I recently had several fry from my maingano female a 2 yellow labs. Out of the fry I have some beautifully coloured yellow labs and a really nice group of Maingano's. Than I have a group of Maingano's aprox 8 that are a very light purple with yellow on their tales and fins. From anyones experience is this a hybird or maybe just a female/male colouration difference as a juvenile?

Also if it is a hybrid would this be a bad mix for my tank.

I've moved 2 of the juveniles into the main tank and they are doing great I would like to keep some of the juveniles and sell the rest, if they are a hybrid should I still sell them.

4 Yellow Labs
2 Maingano's
2 Pleco's
2 Colubian sharks (been watching them to see that their aggression isn't to extreme since I was told that they only grow to a certain size and than after my own research realized they can grow much bigger than supplier told me)

The tank is 75 gallons but am looking to upgrade it to a 150-200 gallon tank as the Sharks grow


----------



## Fogelhund (Dec 3, 2002)

Melanochromis cyaneorhabdos "maingano's" should not have any yellow on them. They are likely hybrids. They are bad for the tank, if you plan on raising any fry.


----------



## souljah77 (Mar 23, 2008)

So what would you suggest I do with them? I take it LFS wouldn't take them and I wouldn't want to pass it on to anyone else. What makes them so bad?


----------



## Fogelhund (Dec 3, 2002)

souljah77 said:


> So what would you suggest I do with them?
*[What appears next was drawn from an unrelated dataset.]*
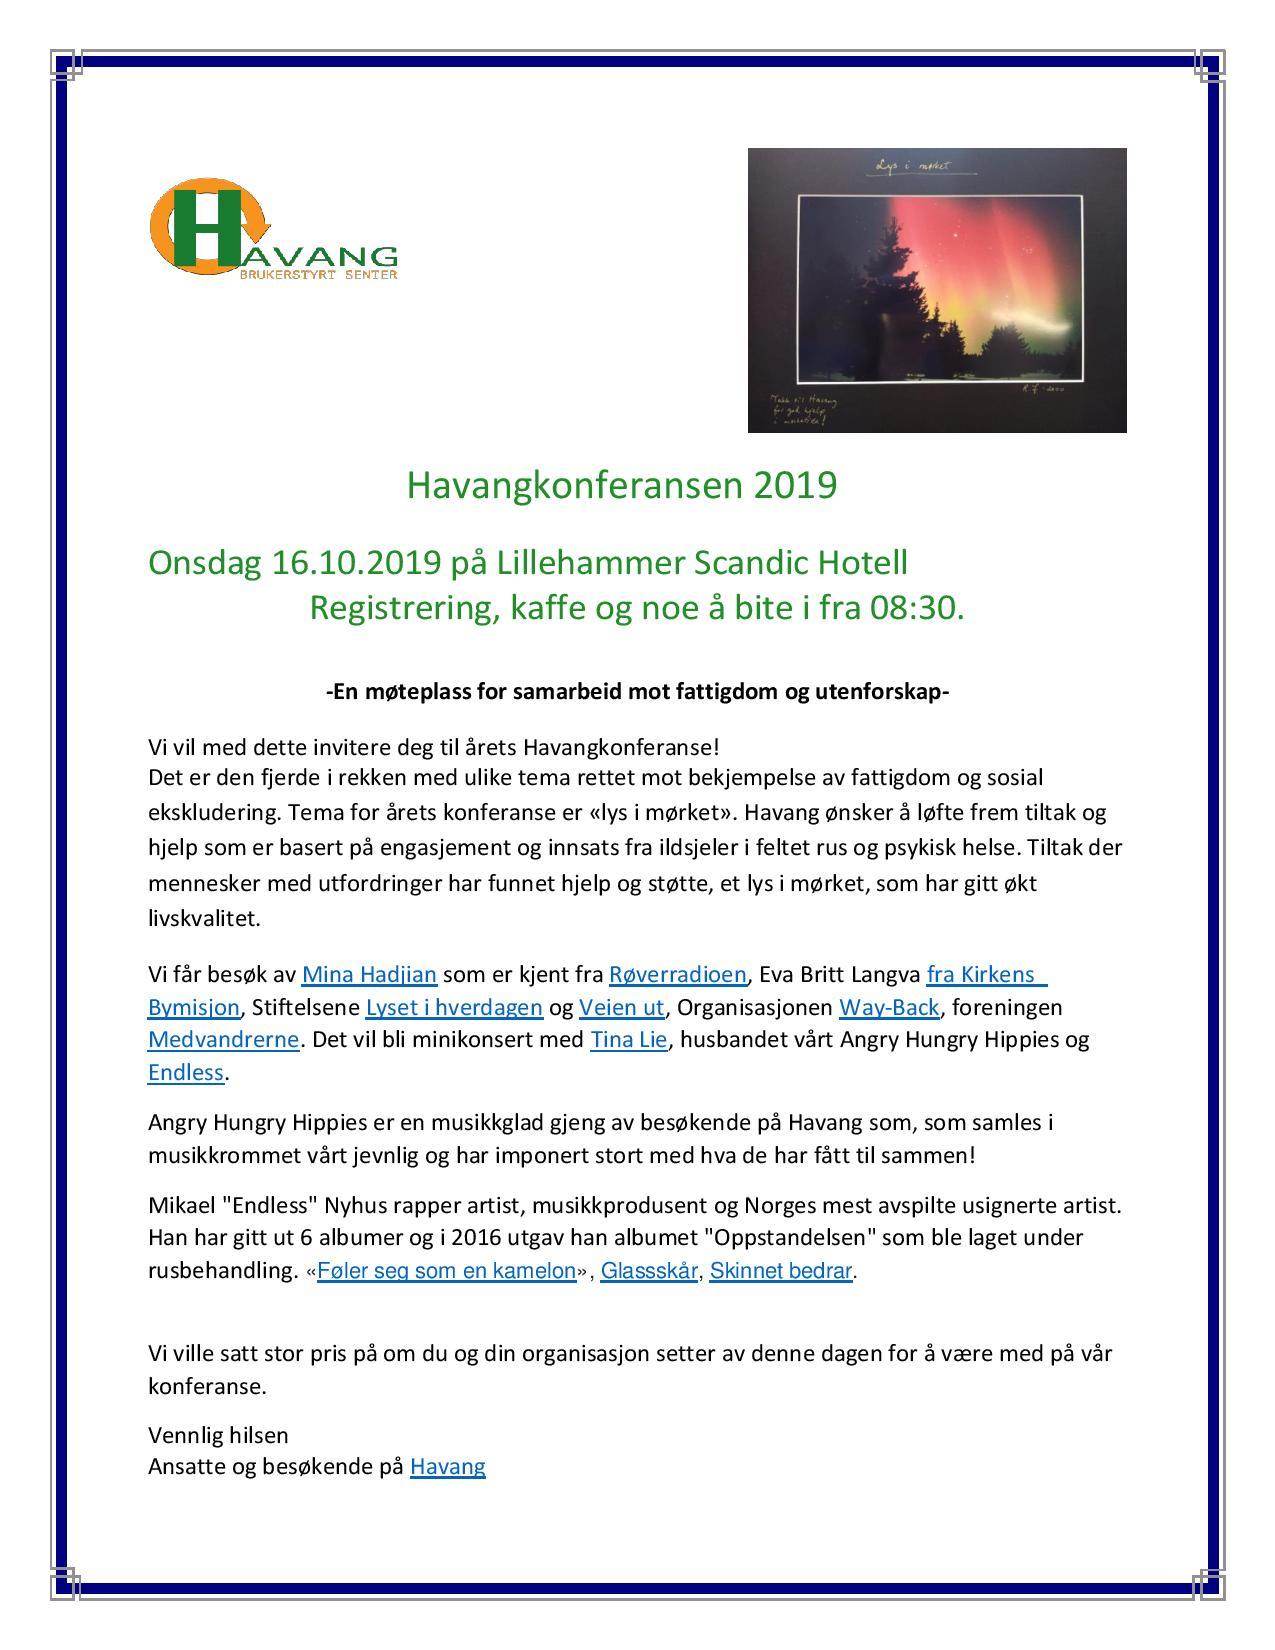 Havangkonferansen 2019 invitasjon

I take it LFS wouldn't take them and I wouldn't want to pass it on to anyone else. What makes them so bad?


They only thing bad about them, is if you plan on raising fry, they are hybrids, which in my opinion shouldn't be sold. If you just want them for your own enjoyment, and don't distribute fry, they won't cause you anymore issues than regular johanni do.


----------



## cichlidaholic (Dec 7, 2005)

This also makes me wonder if your Maingano are really cyaneorhabdos, or a cross between johanni and cyaneorhabdos... 

This could also explain the "yellow", and it's a pretty common hybrid that can be very hard to identify.

Kim


----------



## souljah77 (Mar 23, 2008)

The 2 original mainganos have no yellow ccolouration on them at all, I also bought them from Big Al's which I would think is a reputable seller.


----------



## Joea (May 25, 2004)

souljah77 said:


> I also bought them from Big Al's which I would think is a reputable seller.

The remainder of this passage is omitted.